Il terzo passaggio è rappresentato dalle primarie. Col senno
del poi si può dire che Matteo Renzi, sfidando Bersani, e trasformando così le
primarie, da rito un po' truffaldino quali erano state in passato, in primarie
vere, ha dato al segretario una grande opportunità. Perché Bersani, vincendole,
ha potuto rovesciare a proprio favore i rapporti di forza con il resto del
gruppo dirigente.

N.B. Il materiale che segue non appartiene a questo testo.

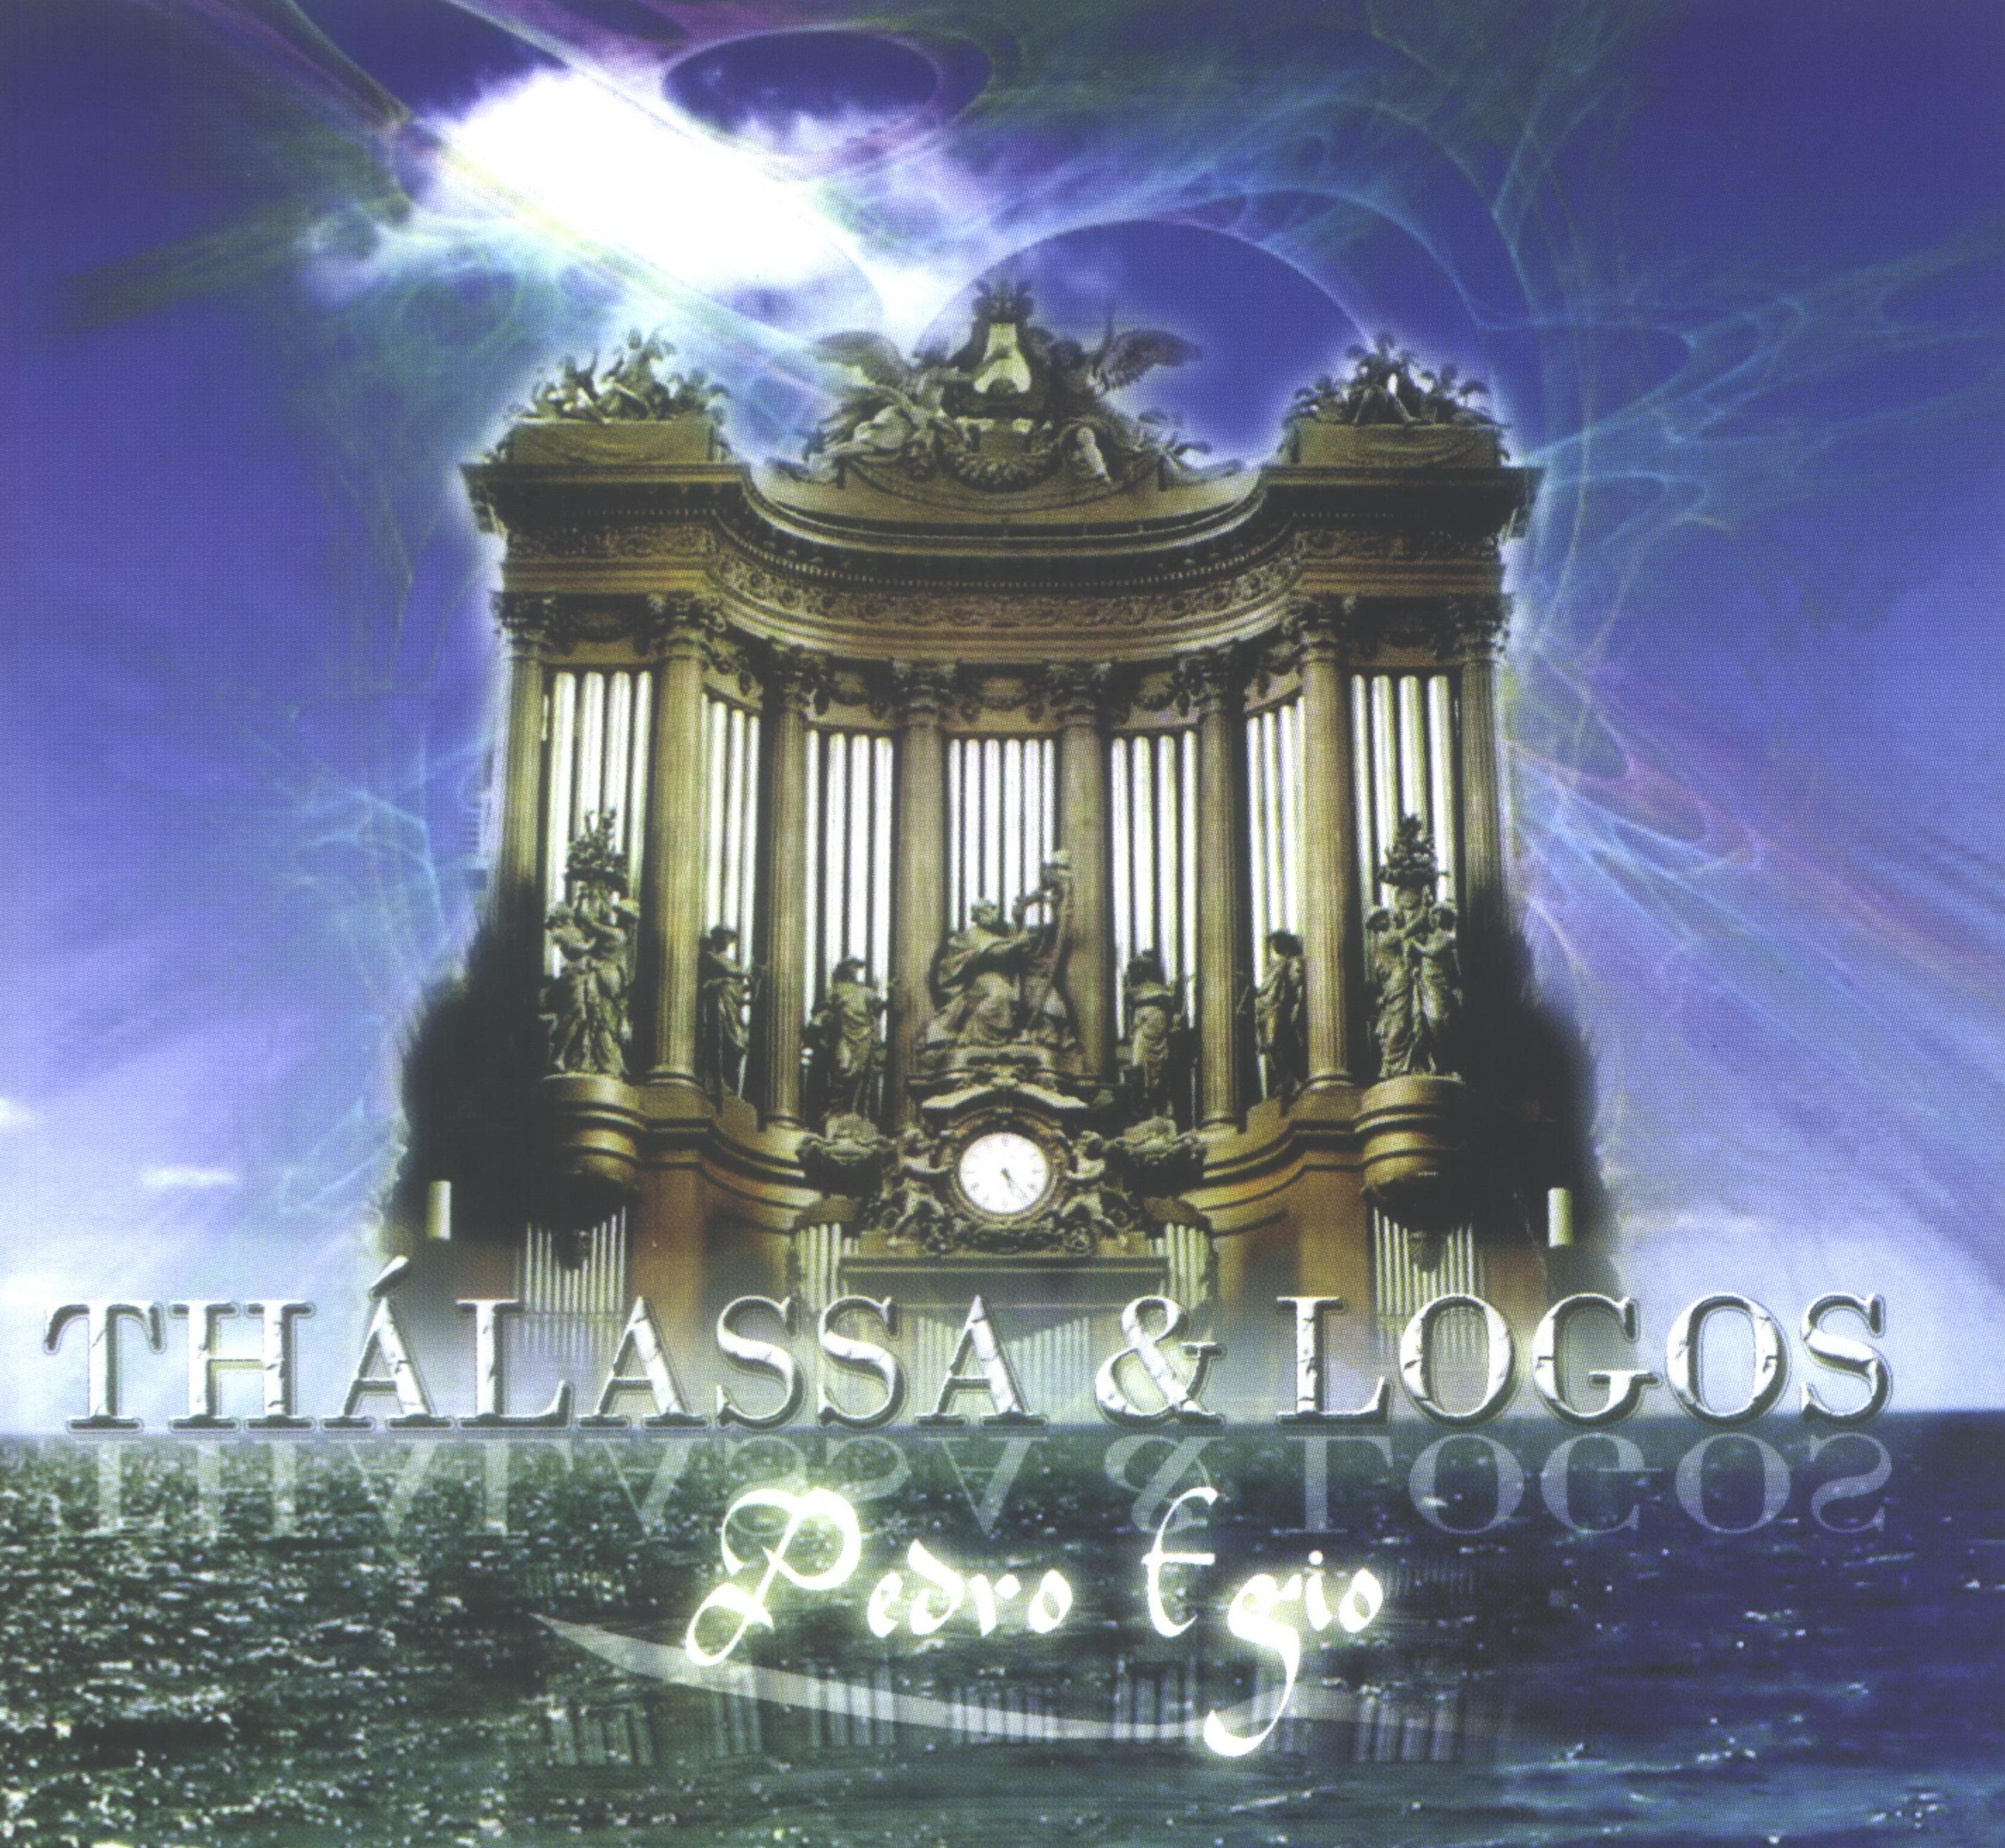 Thálassa & Logos

Si aggiunga il fatto (ma questo nessuno poteva allora
immaginarlo) che, a primarie avvenute, la sfida di Renzi è stata rapidamente
riassorbita.
Si noti che è la prima volta che un segretario conquista
tanto potere nel maggior partito della sinistra dai tempi del Pci: con le sue
diverse sigle (Pds, Ds) il partito postcomunista non era mai stato altrettanto
compatto, data la divisione fra dalemiani e veltroniani.
Niente segnala meglio l'avvenuta ricostituzione di una forte
leadership della rinascita, sotto nuove spoglie, dell'indipendentismo di
sinistra. Esso ebbe una certa importanza ai tempi del Partito comunista.
Segnalava la capacità del partito di attirare personalità di spicco,
dell'accademia o delle professioni. A quelle personalità il Partito comunista
chiedeva vivacità culturale e dipendenza politica. La vivacità era assicurata
dalle qualità professionali che molte di quelle personalità possedevano. La
dipendenza era inscritta nel fatto che il seggio su cui sedevano non era stato
da loro conquistato in campagna elettorale, o comunque attraverso la lotta
politica, ma concesso dal partito.
L'inserimento nel «listino», la cooptazione di diverse
personalità di elevato valore professionale, e anche (con qualche eccezione)
prive di legami formali con il Pd, da parte di Bersani, riflette la
ricostituzione di una forte leadership. Anche da loro, ci si attenderà vivacità
culturale (che ci sarà certamente date le competenze e le qualità professionali
in campo) e stretta dipendenza dal segretario.
Un leader forte è come un direttore d'orchestra: gli altri
suonano, chi meglio chi peggio, i diversi strumenti, ma è lui, e solo lui, che
governa l'insieme.
Se Bersani vincesse le elezioni, come tuttora prevedono i
sondaggi, e diventasse capo del governo, sommando premiership e guida del
partito, si troverebbe in una posizione invidiabile, che non è mai stata in
precedenza di alcun leader della sinistra. Ma si troverebbe anche a
fronteggiare un delicato dilemma. Egli è diventato un leader forte perché ha
saputo ridare una identità al suo partito. Questa identità ha una marcata
connotazione di sinistra (le polemiche sulle posizioni di Stefano Fassina,
sulla Cgil, su Vendola ne fanno fede).
Ma la forza così conquistata sarebbe sufficiente per
consentirgli, come capo di un governo pesantemente condizionato dall'Europa e
dai mercati, di infliggere ai propri sostenitori tutte le inevitabili delusioni
senza con questo compromettere la propria leadership?
C'è da scommettere che in caso di sua vittoria sarà la prima
domanda che molti, in Italia e fuori, si porranno.